TCOM CONVERSATIONS

By: Barbara Ann Dunn, ACSW, LCSW, Director, Program Innovation and Outcomes, Magellan Healthcare

The Child and Adolescent Needs and Strengths (CANS) is a multi-purpose tool developed for children’s services to support decision making, including level of care and service planning, to facilitate quality improvement initiatives, and to allow for the monitoring of outcomes of services. I am often asked “How does managed care use the CANS?” Those of you who ascribe to Transformational Collaborative Outcomes Management (TCOM) likely recognize that managed care plays an increasing role in using clinical decision support tools and value-based programs The CANS offers a common language to look at resource needs and make the balancing of resources more transparent.

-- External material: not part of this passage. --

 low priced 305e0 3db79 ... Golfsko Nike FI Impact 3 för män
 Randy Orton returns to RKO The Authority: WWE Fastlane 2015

John Lyons frames the use of the CANS as part of “Five Key Decisions:” access, engagement, appropriateness, effectiveness and transitions. This framework on CANS use may be helpful for understanding how managed care uses decision support tools, and the CANS in particular, as the CANS has bonus options beyond the usual clinical decision support tools. With this and upcoming blog posts, I’ll discuss each of the five key decisions. This first post on the Access dimension of the Five Key Decisions will not only demystify managed care, but also help you to advocate for the transformational system that youth and families need.

Access

Access refers to screening for a target population, such as using CANS algorithms for matching needs to services. This identifies youth who will benefit from a certain level of care or service, as well as those who will not. We know from early research that youth with lower needs than the level of care is designed to address, such as residential, will have poorer outcomes.[1]

When it comes to using the CANS as an eligibility tool for 1915 Medicaid waiver eligibility or services, there are apprehensions. Do service gatekeepers using the CANS over-report needs? With 11 other wraparound programs, Magellan Healthcare joined the national analysis led by the University of Washington that addressed this question. Systems using the CANS for eligibility did report more needs than systems not using it for eligibility. However, an independent care manager audit found under-reported needs when compared to the needs identified in the standardized Independent Behavioral Health Assessment tool. In other words, the gatekeepers were not found to be over-reporting needs nor focusing on meeting the eligibility algorithms, but on assessing the youth and family needs and strengths. This is the right thing to do.

In the best of all worlds, there would be two or three years of data on youth in a program using the CANS before anyone creates or uses an algorithm for targeting access. That data would drive identification of youth with better outcomes. Then, algorithms would be created for decision-making on youth access to programs. Unfortunately, that can take more time than the funding permits, particularly when a Medicaid Waiver requires an eligibility tool from the start.

Sometimes the algorithm is borrowed from other states, then stakeholders consider the target populations along with the CANS items, and the result is put into waiver or program requirements. This happens before the managed care organization (MCO) is involved. Usually, there is a request for proposal process that multiple MCOs respond to with their solution for the requirements set forth in the waiver and program design. The state or jurisdiction will select the proposal best meeting the rubric set forth. The selected MCO then implements the program based on the waiver and other state requirements but doesn’t often have input into the algorithm creation.

The MCO can, however, validate that an algorithm is capturing the target population using the CANS profiles, outcomes data and other information about youth in the program. This data is then presented to the state or jurisdiction to discuss potential changes to the algorithms.

One Magellan experience with the algorithms in Louisiana followed the process above, yet youth were not being fully identified for the high-risk waiver. Investigation of the CANS data found that the youth with the highest risk of inpatient and residential services were actually two populations, and one was being missed in the high-risk algorithm. Using the CANS profiles of youth at actual high risk and demonstrating that this new algorithm met the Louisiana regulations for youth at risk of inpatient services, Magellan proposed a second algorithm using select CANS risk items at a level of a 3. The state brought the justification to the Centers for Medicare & Medicaid Services, which approved. As youth were reassessed, they were screened into the high-risk waiver.

MCOs, with their advanced analytics capabilities, can provide valuable insights to state and local agencies to inform ongoing adjustments to algorithms to ensure that youth have access to the appropriate level of care.

In my next post on the second Key Decision, engagement, we will discuss moving people from access to being “equal partners in the system” (John Lyons). Check back soon.


[1] Lyons, J.S. & McCollough, J.R. (2006). Monitoring and managing outcomes in residential treatment: Practice-base evidence in search of evidence-based practice. Journal of the American Academy of Child & Adolescent Psychiatry, 45, 257-251.